GARBAGE COLLECTION & THE MEMORY HIERARCHY
Garbage-collected systems have had the reputation as cache-thrashers with bad cache locality: After all, it would appear that a garbage collection touches all of memory in random-access fashion. But a garbage collector is really a kind of memory manager, and we can organize it to manage memory for improved locality of reference.
Generations: When generational copying garbage collection is used, the youngest generation (allocation space) should be made to fit inside the secondary cache. Then each memory allocation will be a cache hit, and each youngest-generation garbage collection will operate almost entirely within the cache as well - only the objects promoted to another generation may cause cache-write misses. (Keeping the youngest generation inside the primary cache is impractical, since that cache is usually so small that too-frequent garbage collections would be required.) Sequential allocation: With copying collection, new objects are allocated from a large contiguous free space, sequentially in order of address. The sequential pattern of stores to initialize these objects is easy for most modern write-buffers to handle. Few conflicts: The most frequently referenced objects tend to be the newer ones. With sequential allocation of objects in the youngest generations, the keys of these newer objects (in a direct-mapped cache) will be all different. Consequently, garbage-collected programs have significantly lower conflict-miss rates than programs that use explicit freeing. Prefetching for allocation: The sequential initializing stores cause cache-write misses (in the primary cache, which is much smaller than the allocation space) at the rate of one miss per B/W stores, where B is the cache block size and W is the word size. On most modern machines (those with write-validate cache policies) these misses are not costly, because a write miss does not cause the processor to wait for any data.

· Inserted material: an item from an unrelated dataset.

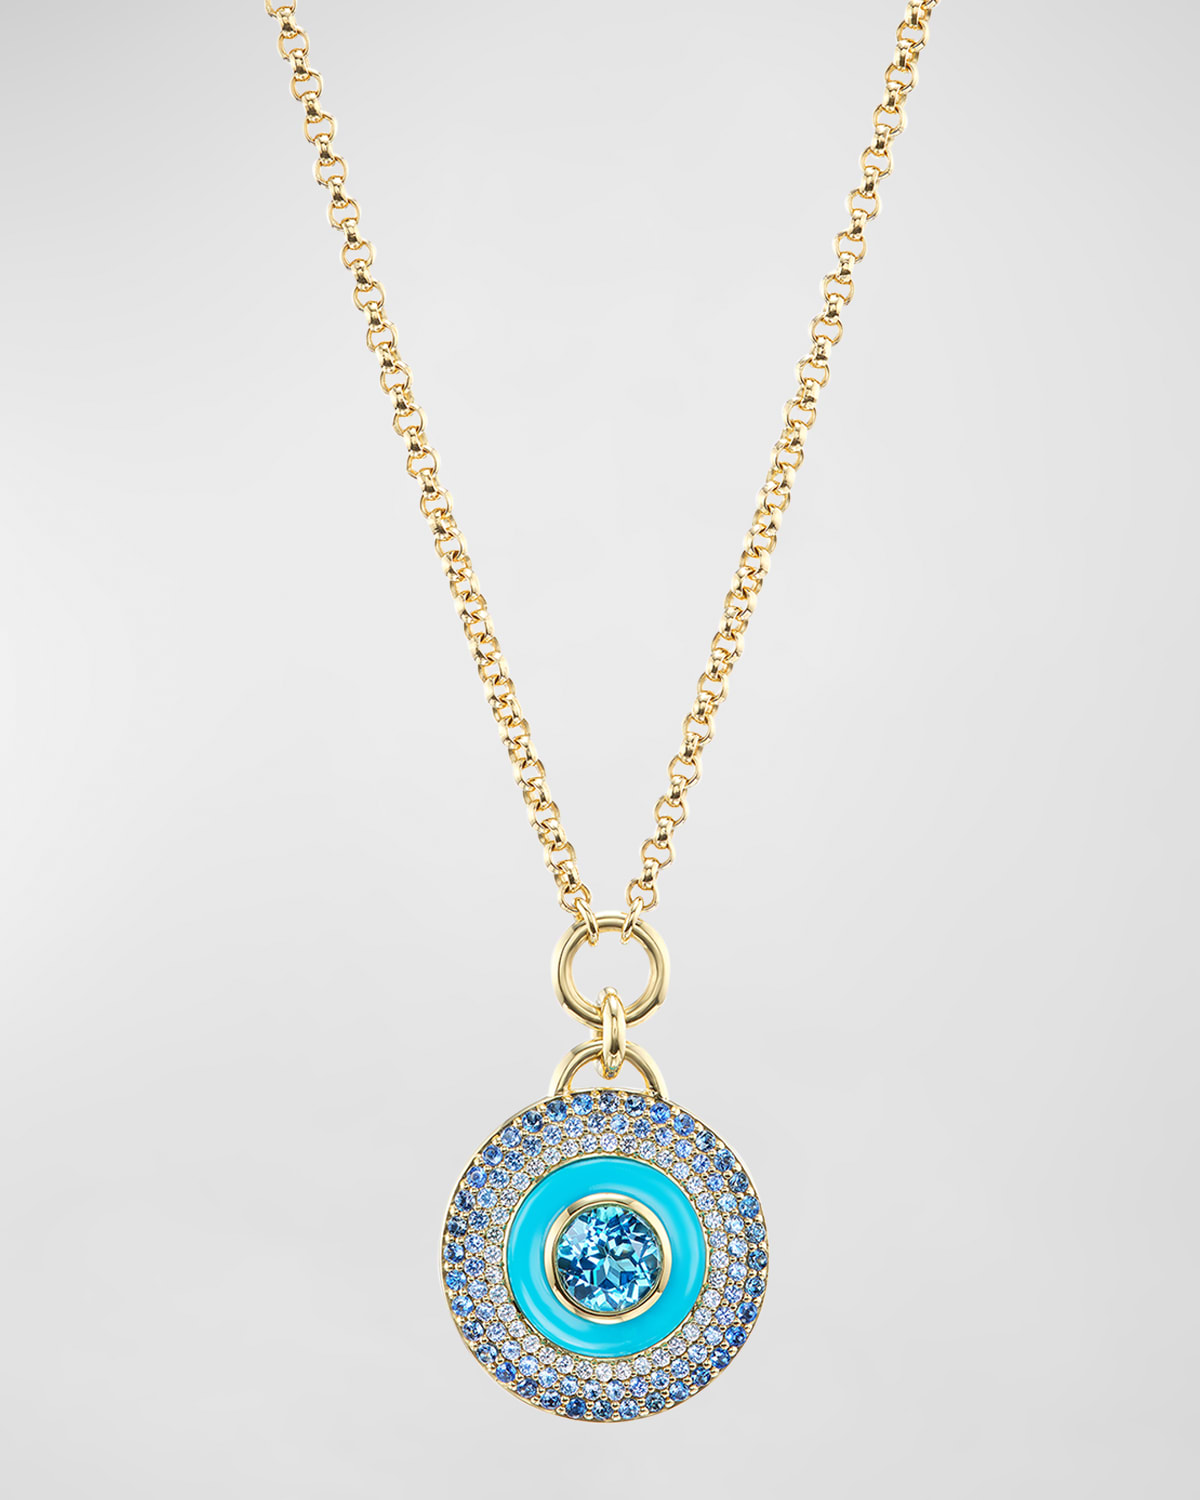 Water Medallion 18K White and Yellow Gold Necklace with Topaz, Sapphire and Turquoise
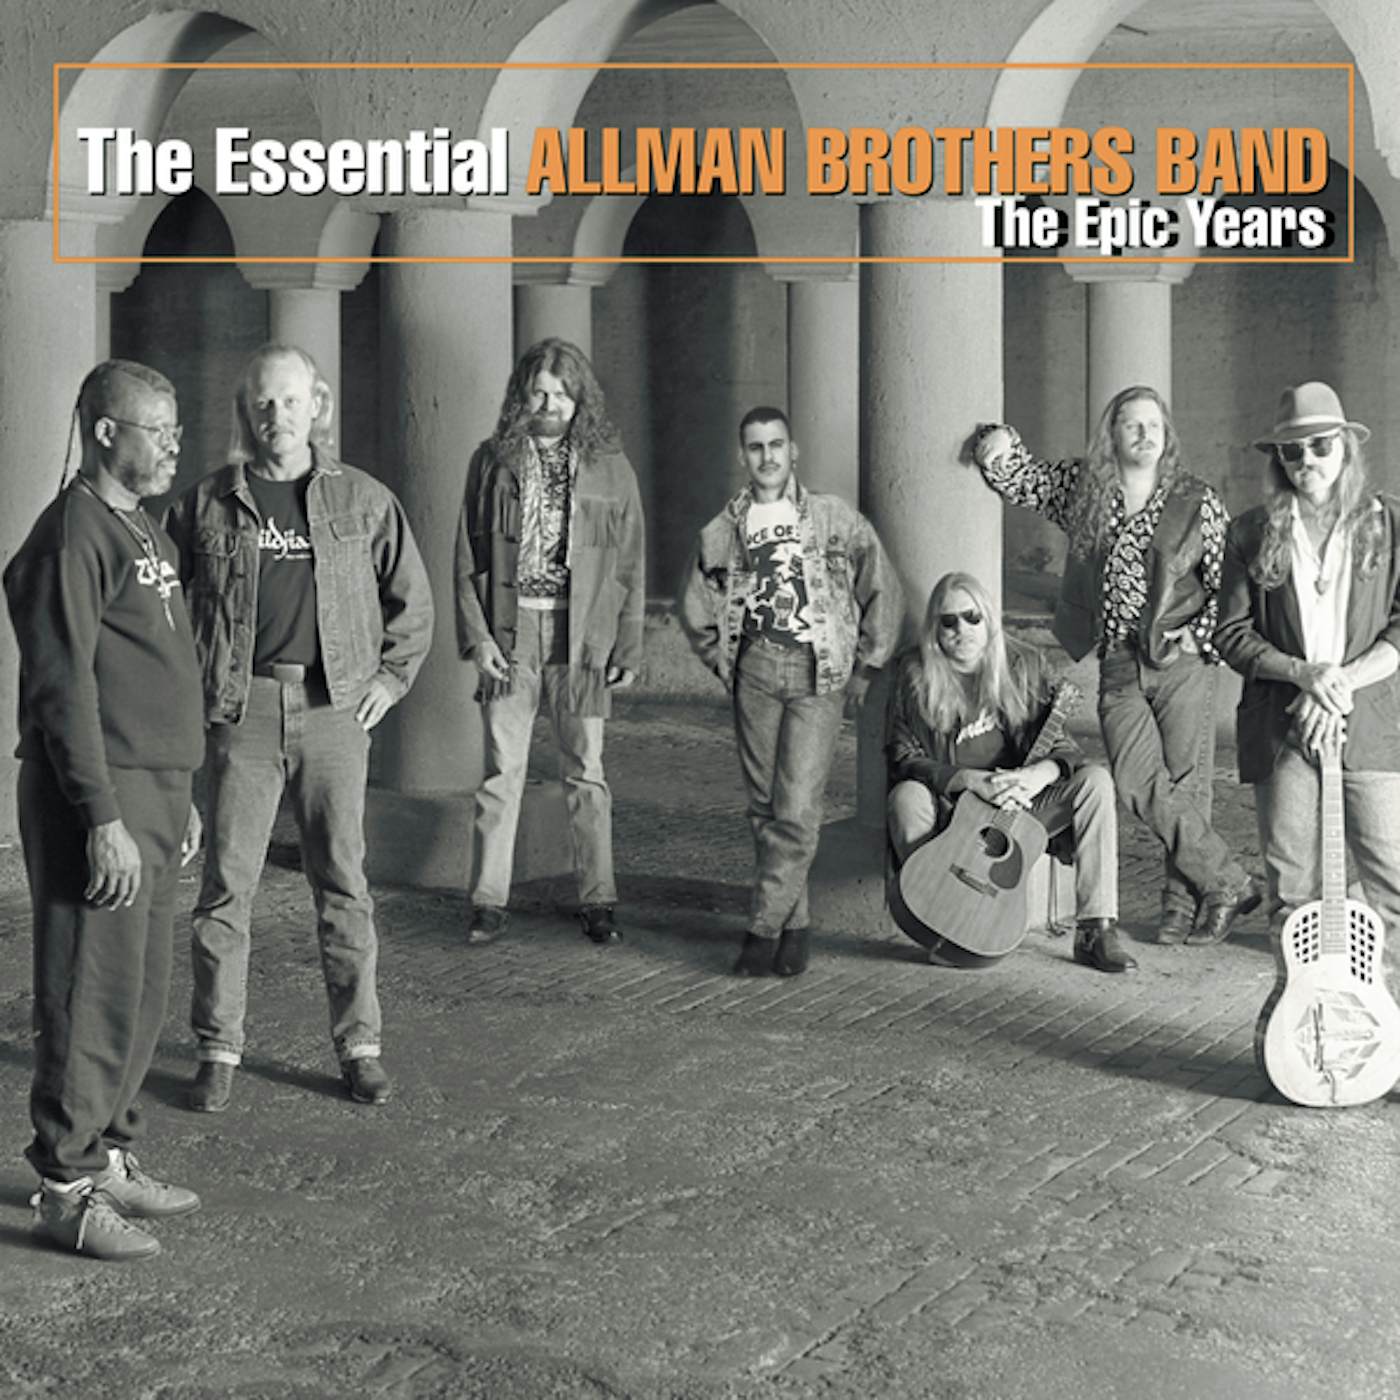 ESSENTIAL ALLMAN BROTHERS BAND - THE EPIC YEARS CD

But on some machines (those with fetch-on-write or write-around policies) a write miss is costly. One solution is to prefetch the block well in advance of storing into it. This does not require analysis of any loops in the program (like the technique shown in ) - instead, as the allocator creates a new object at address a, it prefetches word a + K. The value K is related to the cache-miss latency and also the frequency of allocation versus other computation, but a value of K = 100 should work well in almost all circumstances.
Grouping related objects: If object x points to object y, an algorithm that accesses x will likely access y soon, so it is profitable to put the two objects in the same block. A copying collector using depth-first search to traverse the live data will automatically tend to put related objects together; a collector using breadth-first search will not. Copying in depth-first order improves cache performance - but only if the cache blocks are larger than the objects.
These cache-locality improvement techniques are all applicable to copying collection. Mark-and-sweep collectors, which cannot move the live objects, are less amenable to cache management; but see the Further Reading section.